1 Bir Cuma Günü


 

Bu gün Cuma, müminlerin bir araya geldiği, birbirlerini kucakladığı, hatırların sorulduğu, dünya gurbetinden gerçek vatana göç edenlere rahmetlerin okunduğu, yakınlarına taziye ve sabırların temenni edildiği, hastalara şifalar dilenildiği gün.

Camiler tıklım tıklım. Bahçeleri dopdolu, sokaklarda münferit seccadeler, karton kutular üzerinde gençler. Yeşillikler içinde, muştu veren, sanki tehlikelere şemsiye olmuş kurşuni kubbelerin yanında, göklere yükselen narin minarelerden hüzme hüzme gönüllere yol alan sala sesleri.

Güvercinler, günün farklı olduğunun, her günkünden daha fazla yem saçılacağının idrakinde. Çünkü bu gün Cuma.

Bir güz yağmurunun yüreklere ferahlık veren duruluğu, ıslanan bedenlere havanın soğukluğunu unutturmuş. Kimse “ıslanmayayım”, ya da “üşümeyeyim” endişesinde değil.

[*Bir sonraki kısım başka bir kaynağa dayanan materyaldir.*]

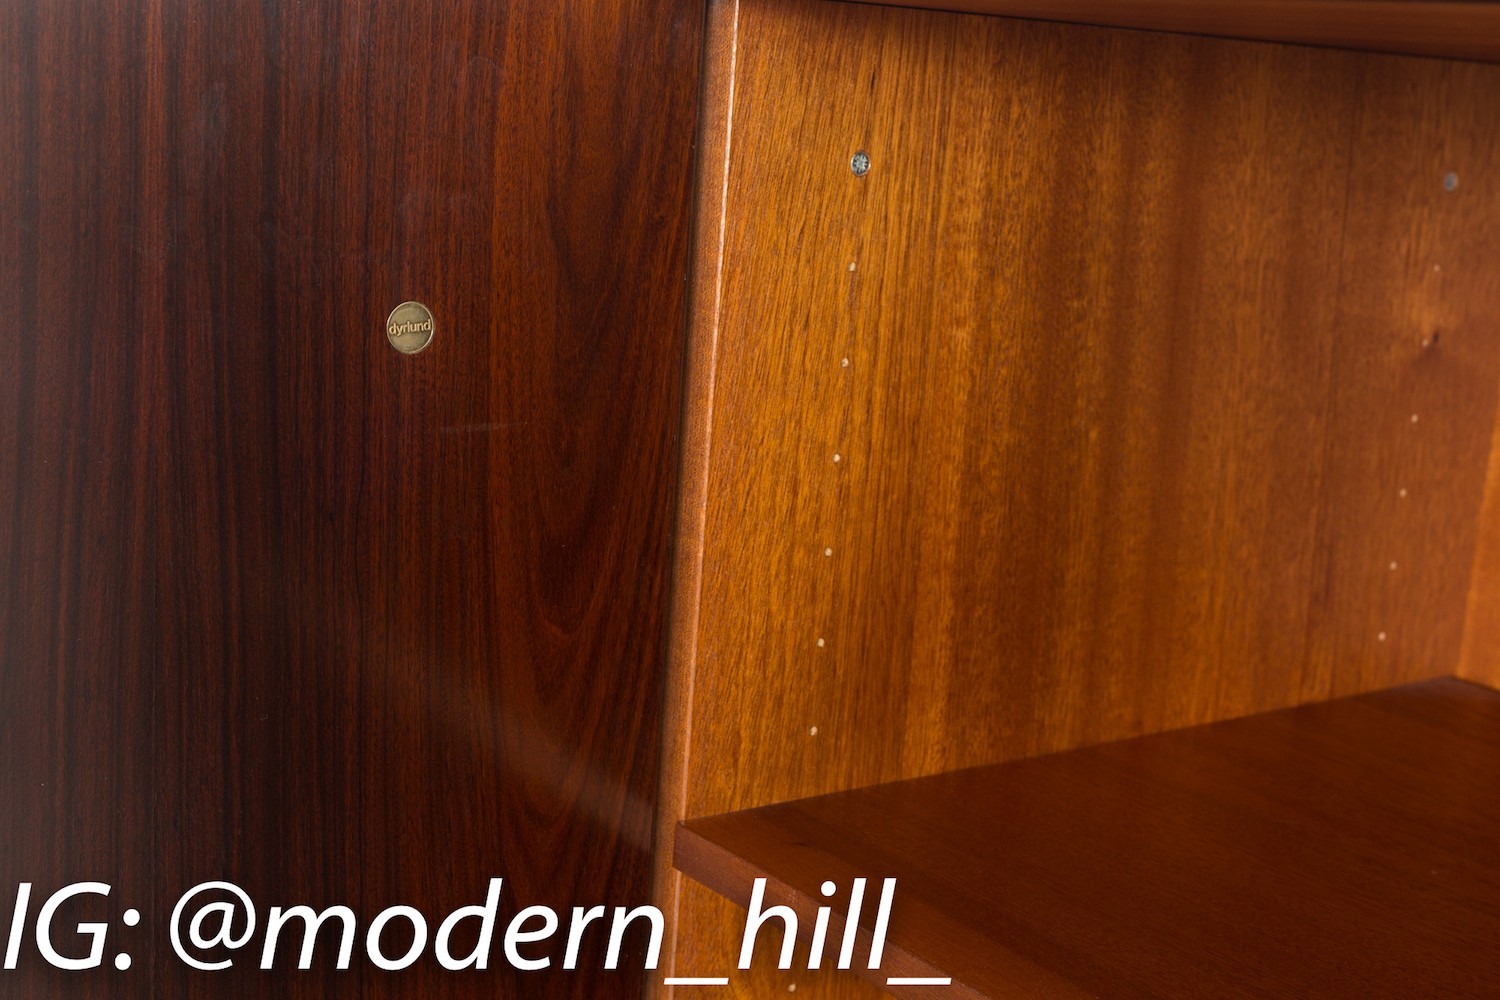 Dyrlund Rosewood Mid Century Armoire Gentlesmans Chest Highboy Dresser

Zira caminin içi dolmadan, bahçesi cemaatle dolmuş.

Şadırvandan, su yerine huzur akmakta adeta. Ak güvercinler, abdest alanların yanı başında. Ürkmeden, korkmadan, dokunduğunuzda kaçmadan. Öyle bir uhrevi hava var ki, üzüntü ve sıkıntıları gizli bir el söküp götürmüş adeta.

 

Ömer’in her Cuma kalbinde kelebekler uçuşurdu. Yüreği bu saatlerde buruk ve ince olurdu. Camiye girmeden, avludaki hasırların üzerine diz çöktü, cep telefonunu sessize aldıktan sonra, başını hafifçe eğerek kalp yastığına koydu, kırık ve hüzünlü bir duygu ile dinlemeye başladı.

Vaaz eden Hocaefendinin sesinden, yürekleri ferahlatan dalga dalga huzur yayılmakta. Üslubu tatlı ve sıcak. Tehdit etmeyen, korkutmayan, ötelemeyen, uzaklaştırmayan, ithamda bulunmayan ve yargılamayan bir ses.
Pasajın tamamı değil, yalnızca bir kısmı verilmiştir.